The ELM, a type of feed-forward neural network, has been widely used to solve regression, clustering, image processing and classification problems. Recently, the ELM has attracted considerable attention from researchers because of its high generalization performance and remarkably fast learning rate compared with traditional methods. The minimal requirement for human intervention is another advantage of the ELM approach, where most parameters can be randomly generated (Yahia et al., 2021). In particular, the ELM can adaptively determine the number of nodes in the hidden layer, randomly assign the input weights and hidden layer biases using an activation function, and obtain output layer weights through the least squares method; these abilities appreciably enhance the learning speed and generalization ability (Ding et al., 2015). For a given training dataset composed of $N$ samples $(x_{i}, t_{i}) \in R^{n} \times R^{m} (i = 1,2, \dots, N),$ the ELM model is defined mathematically as follows (Ding et al., 2015):

\begin{matrix} \sum_{i = 1}^{\tilde{N}} β_{i} f_{i} (x_{j}) = \sum_{i = 1}^{\tilde{N}} β_{i} f (a_{i} ⊚ x_{j} + b_{i}) = t_{j} & j = 1,2, \dots, N \end{matrix} (7)

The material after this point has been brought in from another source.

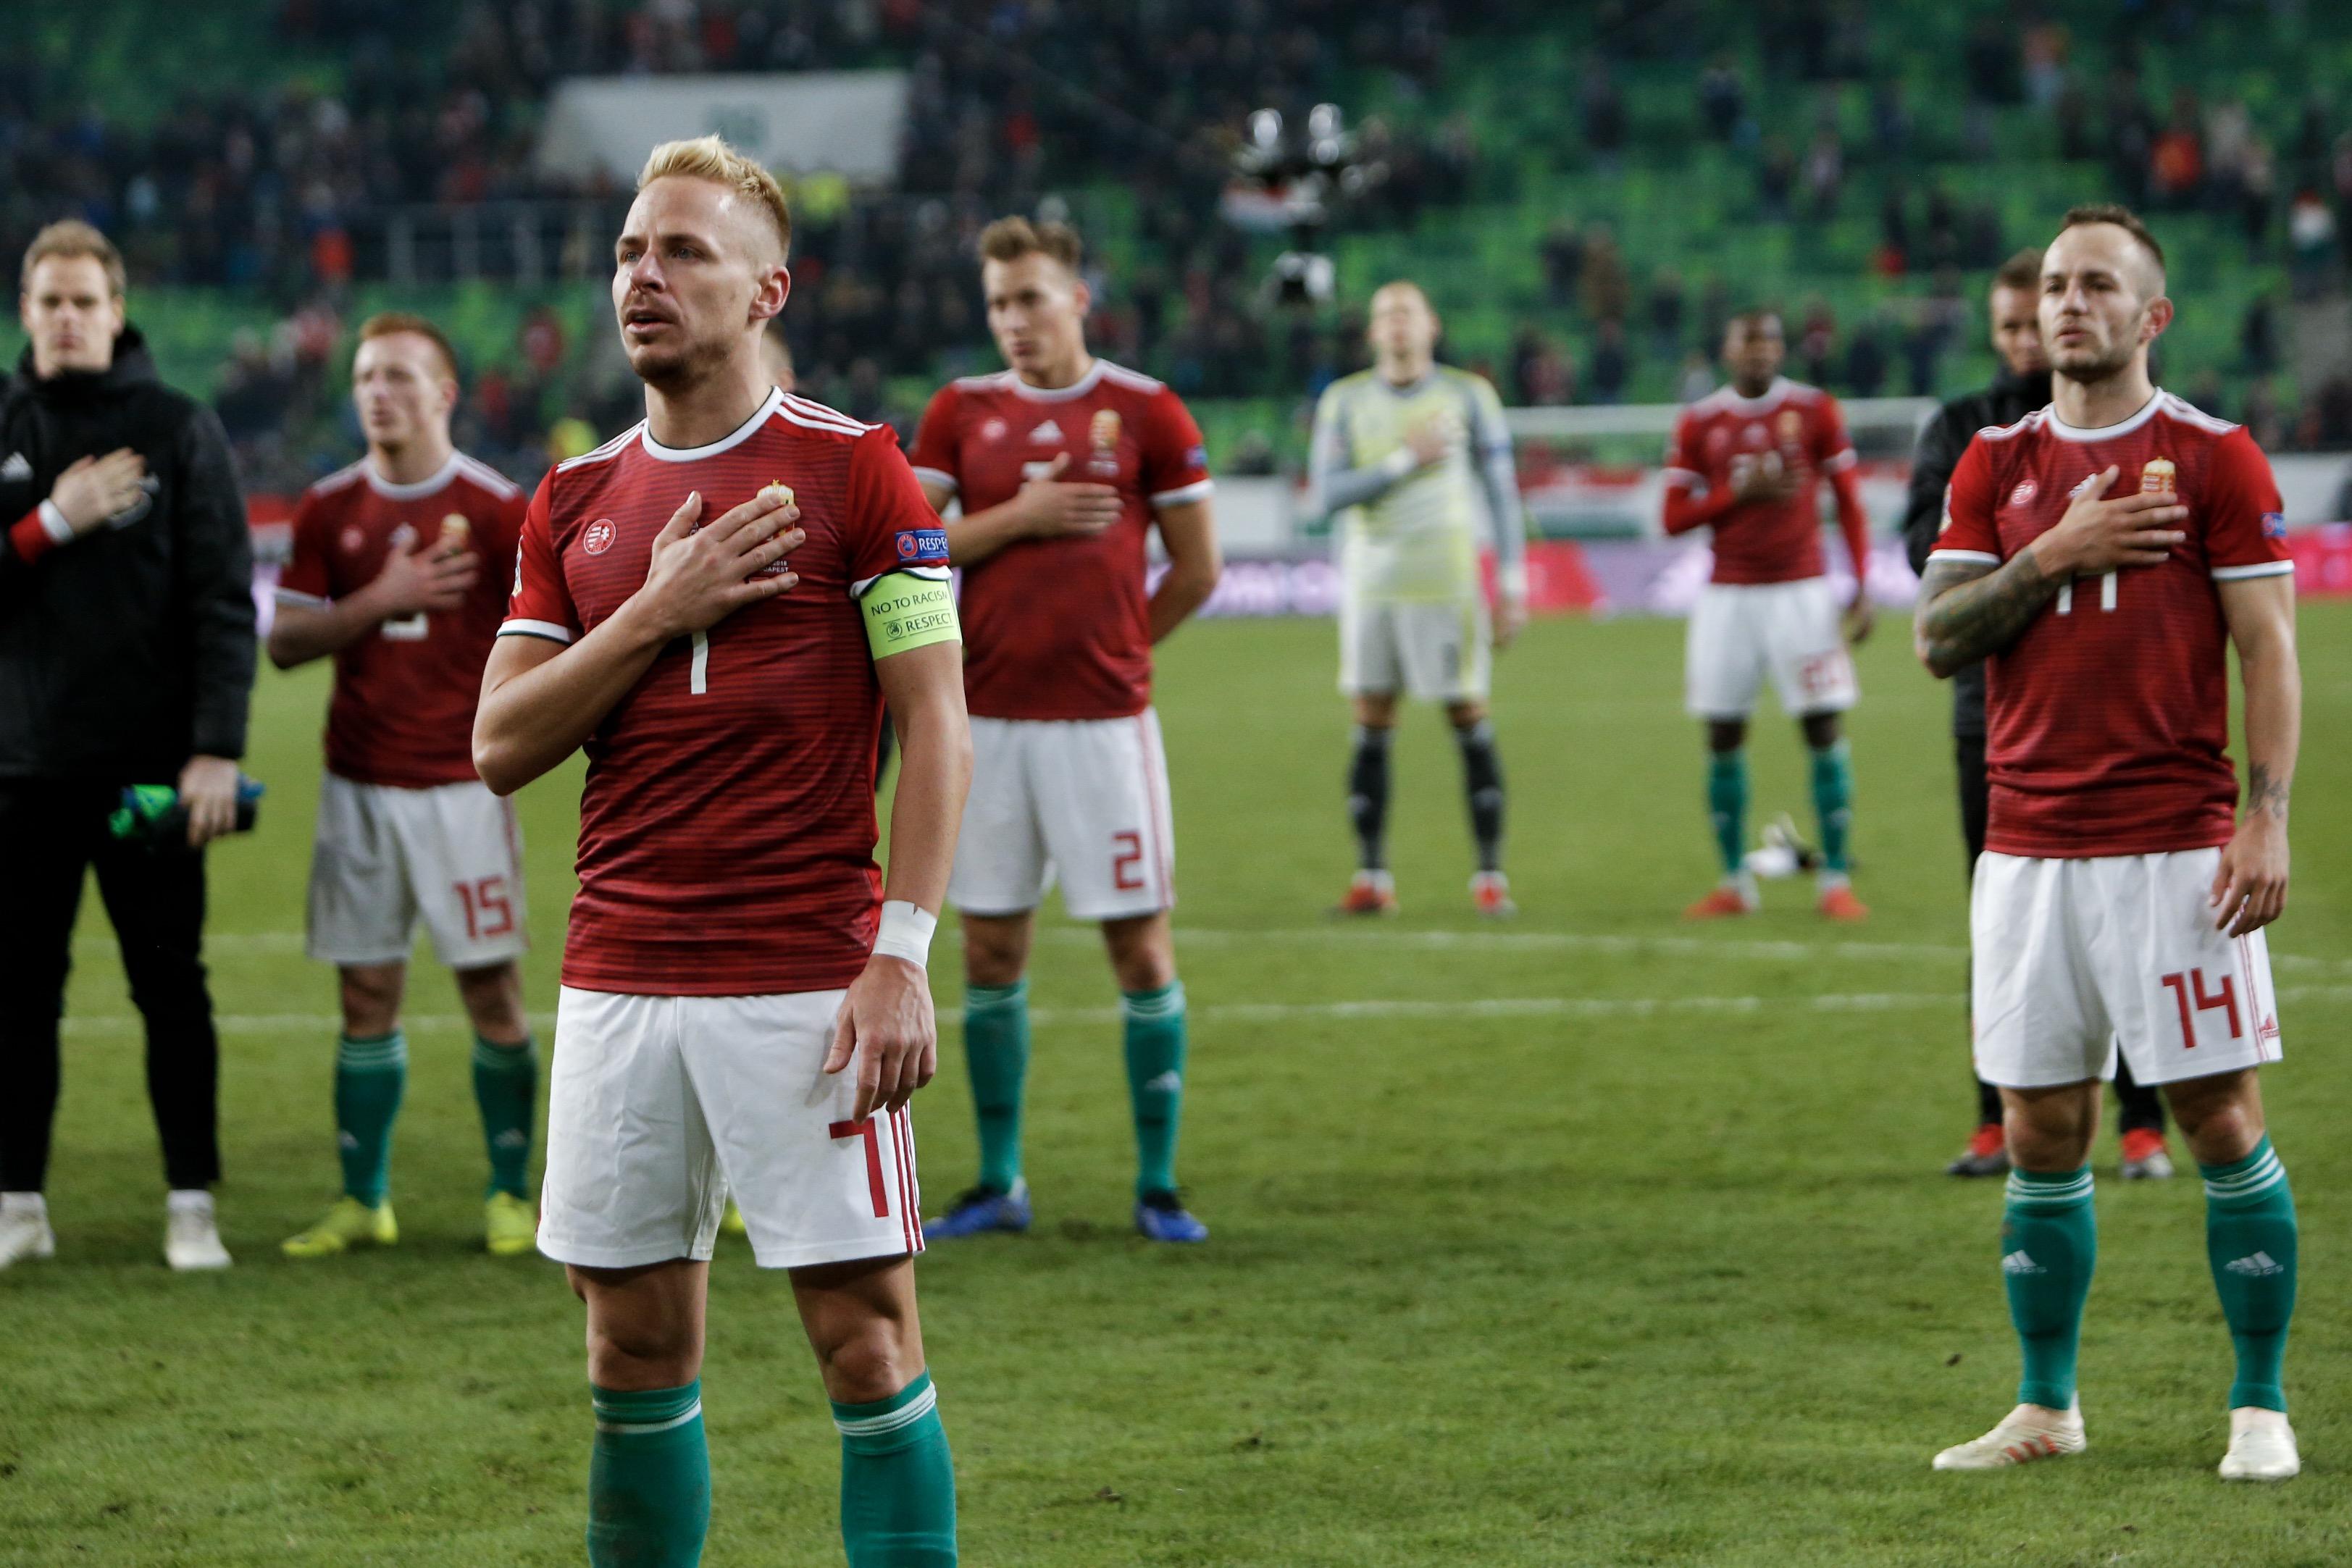 Két és fél év után újra van válogatott labdarúgó-csapata Magyarországnak bdaee101e7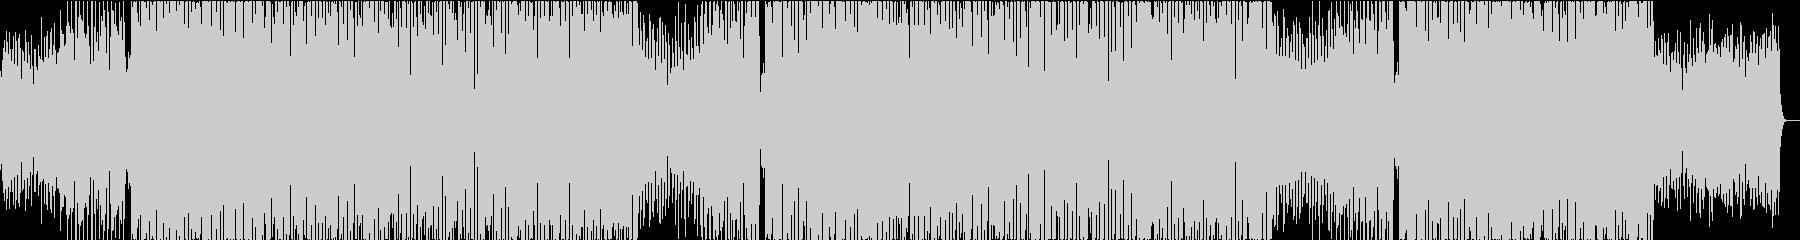 和風・ボサノバ・美しいメロディの未再生の波形

where $\tilde{N}$ represents the number of hidden nodes; good generalization performance will be obtained if $\tilde{N} ≪ N$ . $⊚$ indicates the inner product of vectors, $f (x)$ is the non-linear activation function, and $b_{i}$ denotes the $i$ -th hidden node bias. Finally, $a_{i}$ and $β_{i}$ are the weight vectors, such that $a_{i}$ connects the input nodes to the $i$ -th hidden node and $β_{i}$ connects the $i$ -th hidden node to the output nodes. Equation 7 can be simply expressed as follows:

H β = T (8)

where $β = {[\begin{matrix} β_{1}^{T} \\ β_{2}^{T} \\ ⋮ \\ β_{N}^{T} \end{matrix}]}_{N \times m}$ and $T = {[\begin{matrix} T_{1}^{T} \\ t_{2}^{T} \\ ⋮ \\ t_{N}^{T} \end{matrix}]}_{N \times m}$ . $H$ , as the hidden layer output matrix, is represented as follows:

H (a_{1}, a_{2}, \dots, a_{\tilde{N}}, b_{1}, b_{2}, \dots, b_{\tilde{N}}, x_{1}, x_{2}, \dots, x_{N}) = {[\begin{matrix} f (a_{1} ⊚ x_{1} + b_{1}) & \dots & f (a_{\tilde{N}} ⊚ x_{1} + b_{\tilde{N}}) \\ ⋮ & ⋱ & ⋮ \\ f (a_{1} ⊚ x_{N} + b_{1}) & \dots & f (a_{N} ⊚ x_{\tilde{N}} + b_{\tilde{N}}) \end{matrix}]}_{N \times \tilde{N}} (9)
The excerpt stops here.